Critical Pre-Sale Due Diligence
Due Diligence preparation is often
overlooked, yet is critical to maximizing sale price and ensuring a smooth
transaction. Now more than ever.
Credit markets are tight and despite a
recent rebound, Mergers and Acquisitions activity is still down.
Buyers
are targeting acquisitions - but now with a heightened degree of
scrutiny.
Even if a buyer has plentiful cash available, they are still
likely to leverage the acquisition to increase their percentage
returns.
Leverage brings lenders to the table. Even if lenders are
familiar with the deal, they need to provide detailed support for their
loan.
With the tighter credit environment, tougher reporting requirements
and more stringent data and due diligence requirements, you need to do more
today to ensure a smooth sale process.
A report on your company's
financial results from your accountant or even an independent auditor is not
sufficient.
Your best option is to conduct in-depth analysis of your
Company by an independent due diligence expert to identify areas that will have
a direct impact on the sale price.
Firstly, a buyer needs a thorough
review of your financial accounts and reported financials with supporting
detail, consolidated data as well as data by location, product categories and
other relevant categories for historical and forecasted periods.
They
also need in depth analysis and a report on the quality of earnings, accounting
systems, methodologies and compliance with or departures from GAAP. They need
to see normalized sales, gross margin, and operating expenses, as well as
feedback regarding compliance with debt instruments.

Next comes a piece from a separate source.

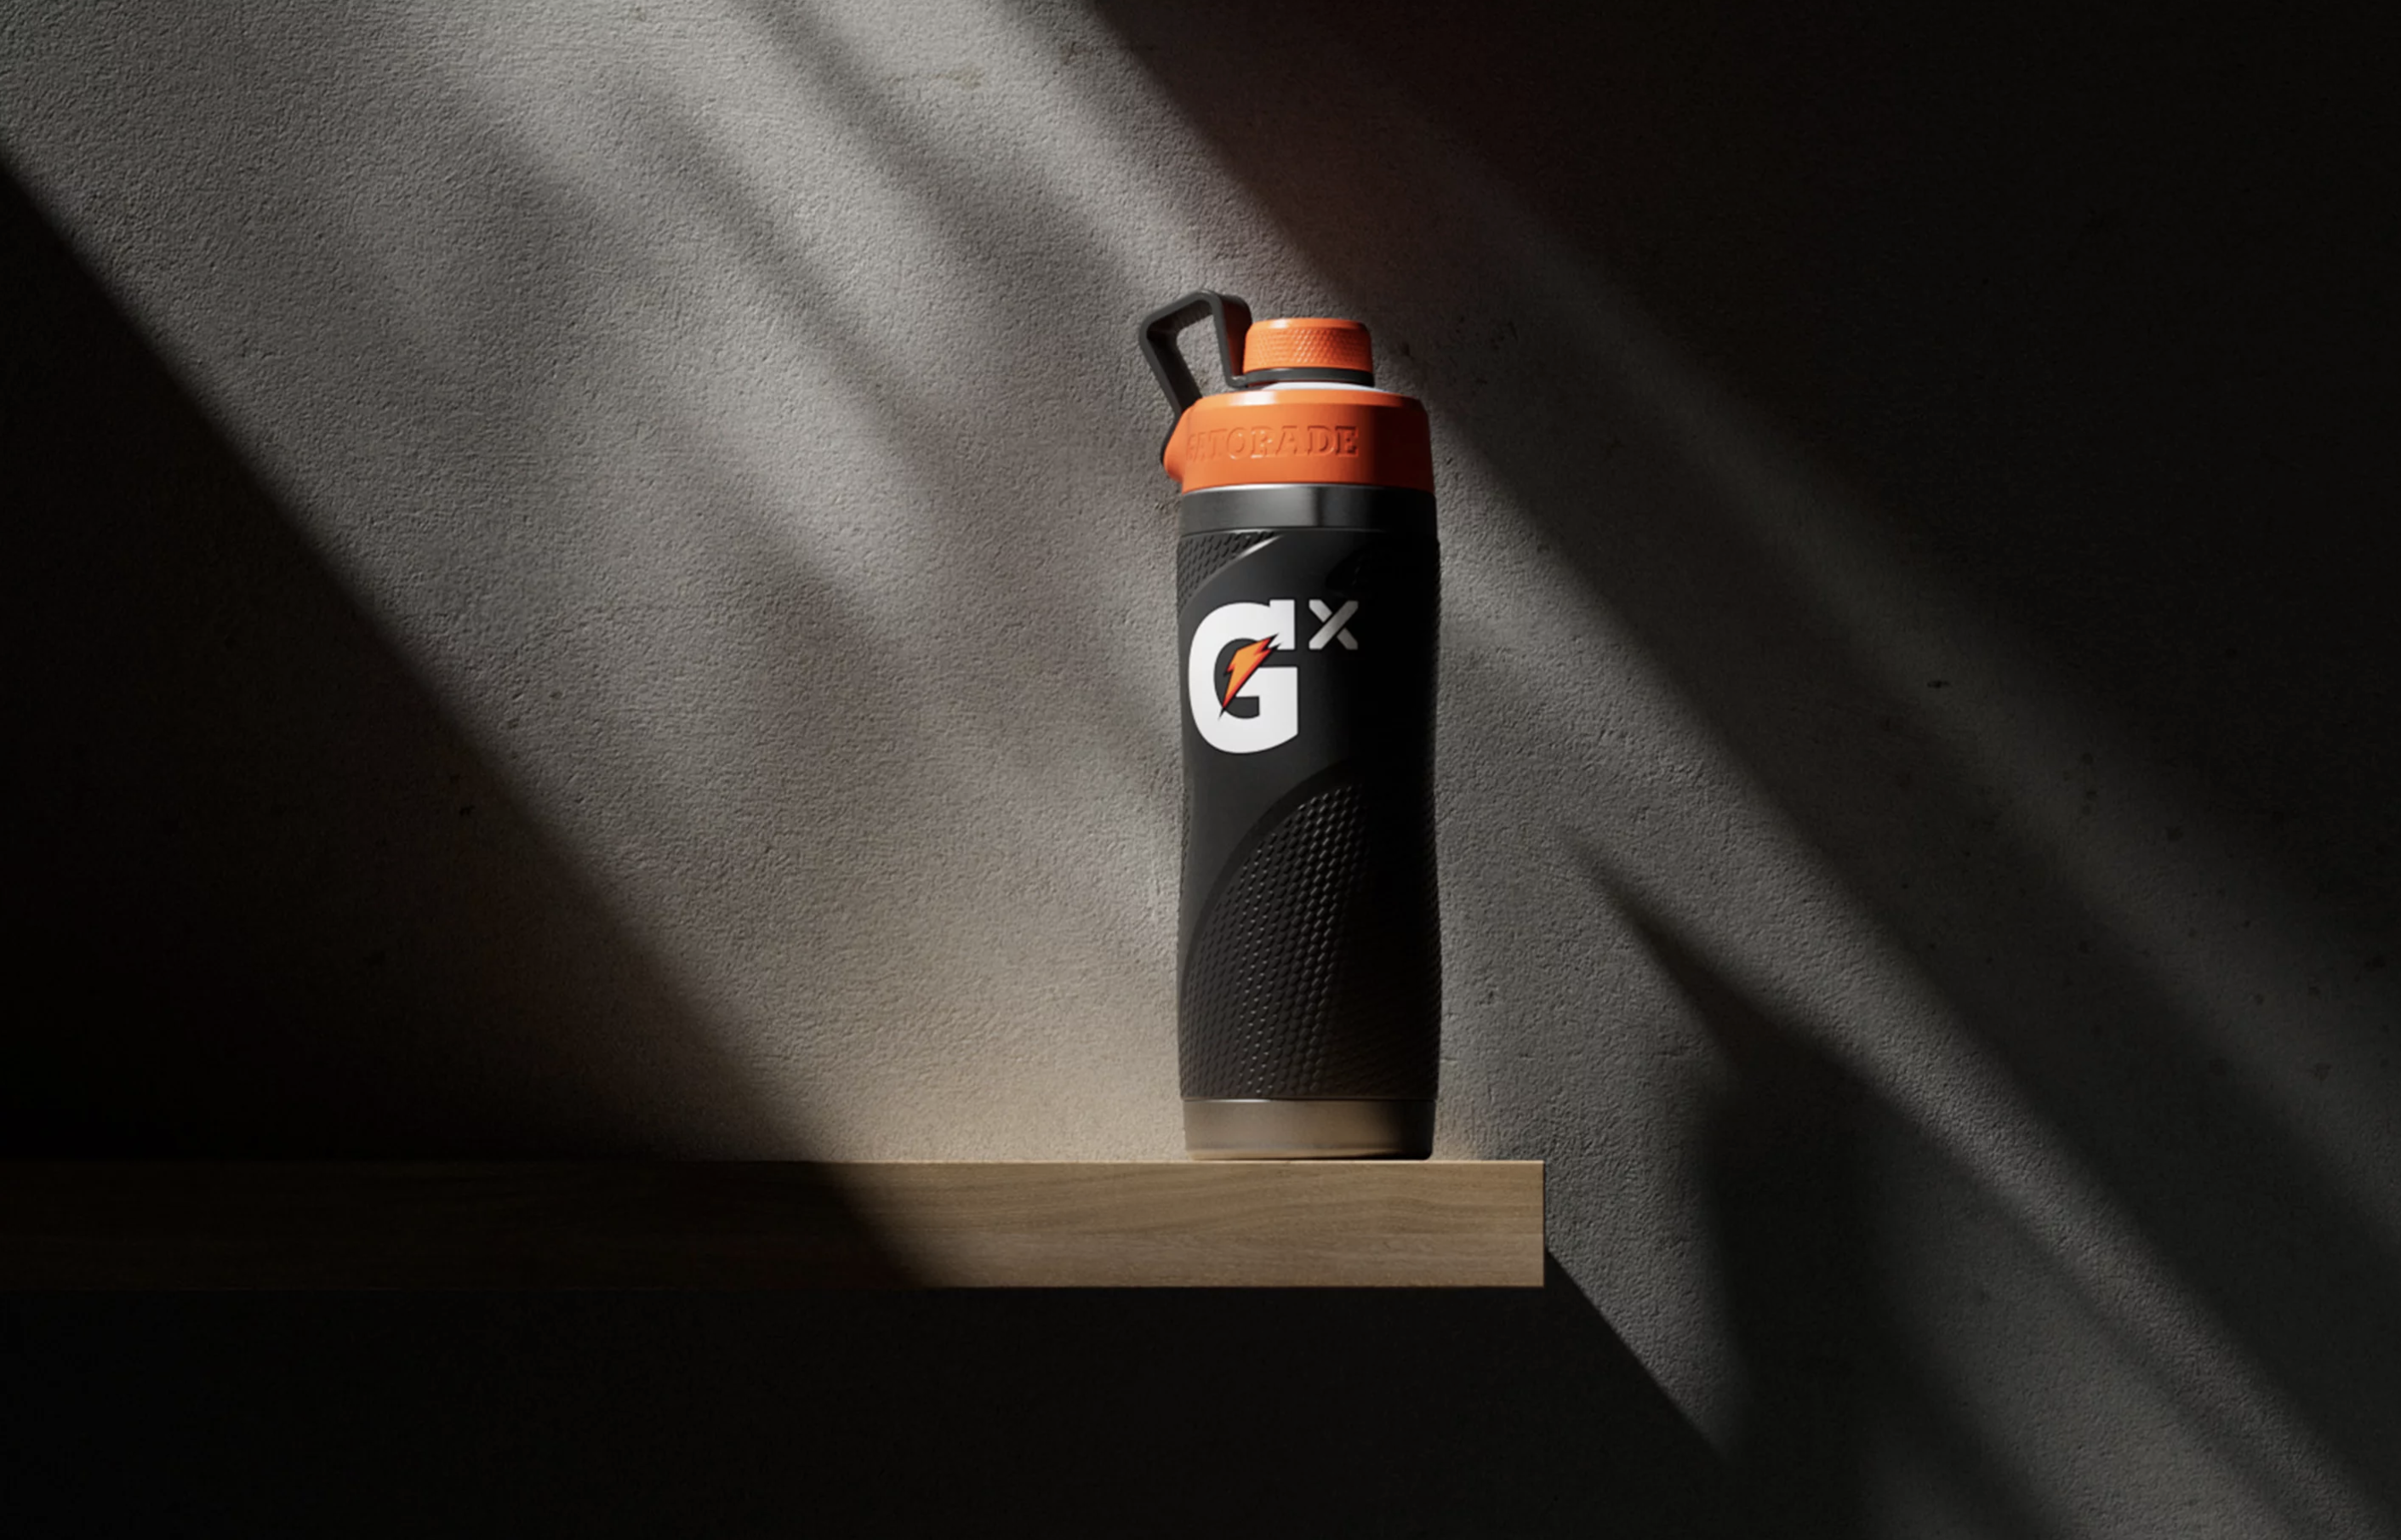 https://tether.com/wp-content/uploads/2022/10/Tether_Gatorade_Gx_StainlessSteelBottle_Solo.png

They need analysis on AR,
Inventory, CAPEX, working capital, debt and coverage, and
profitability.
Buyers will also require due diligence on liabilities,
operations, tax compliance, legal issues, reputation, industry analysis and
forecasts, competition, customers, suppliers, people, PP&E, integration
risks, environmental, health, internal controls, lease, zoning and permits, in
addition to other business issues.
CLICK HERE for ClearRidge Capital's website
section with expanded information on due diligence requirements.
This is
not something that is easy to compile and typically requires strong financial
modeling skills, trained analytical skills and specific acquisition due
diligence and corporate finance experience.
Whether it is a midsized
privately held company or a single division of a large public company, it is
rare that this data is tracked routinely by the lean accounting staff that is
focused on daily operations and normal reporting needs.
Take Action to Better
Position your Company
This doesn't need to be an obstacle to a
successful sale, but it does take planning and clear forethought. Most sellers
proceed too quickly at the start of the process and skip critical steps, only to
suffer later on while attempting to close the deal.
Unfortunately for
many sellers, starting later in the sale process can reduce the sale price or
cause the deal to fall apart.
Your best solution is to prepare a thorough
due-diligence report before talking to buyers. Proactively offering answers to
their likely information requests not only speeds up the process, but also
inspires confidence in the acquisition opportunity.
If you want to secure
the highest price and the best terms, you are going to need at least two buyers
competing in a confidential auction process.
By providing a due diligence
report in advance, you are saving time and also providing potential buyers and
their lenders with sufficient information for them to submit an LOI (purchase
offer) and close the deal in a timely manner.
Professional preparation
also enhances the image of your company.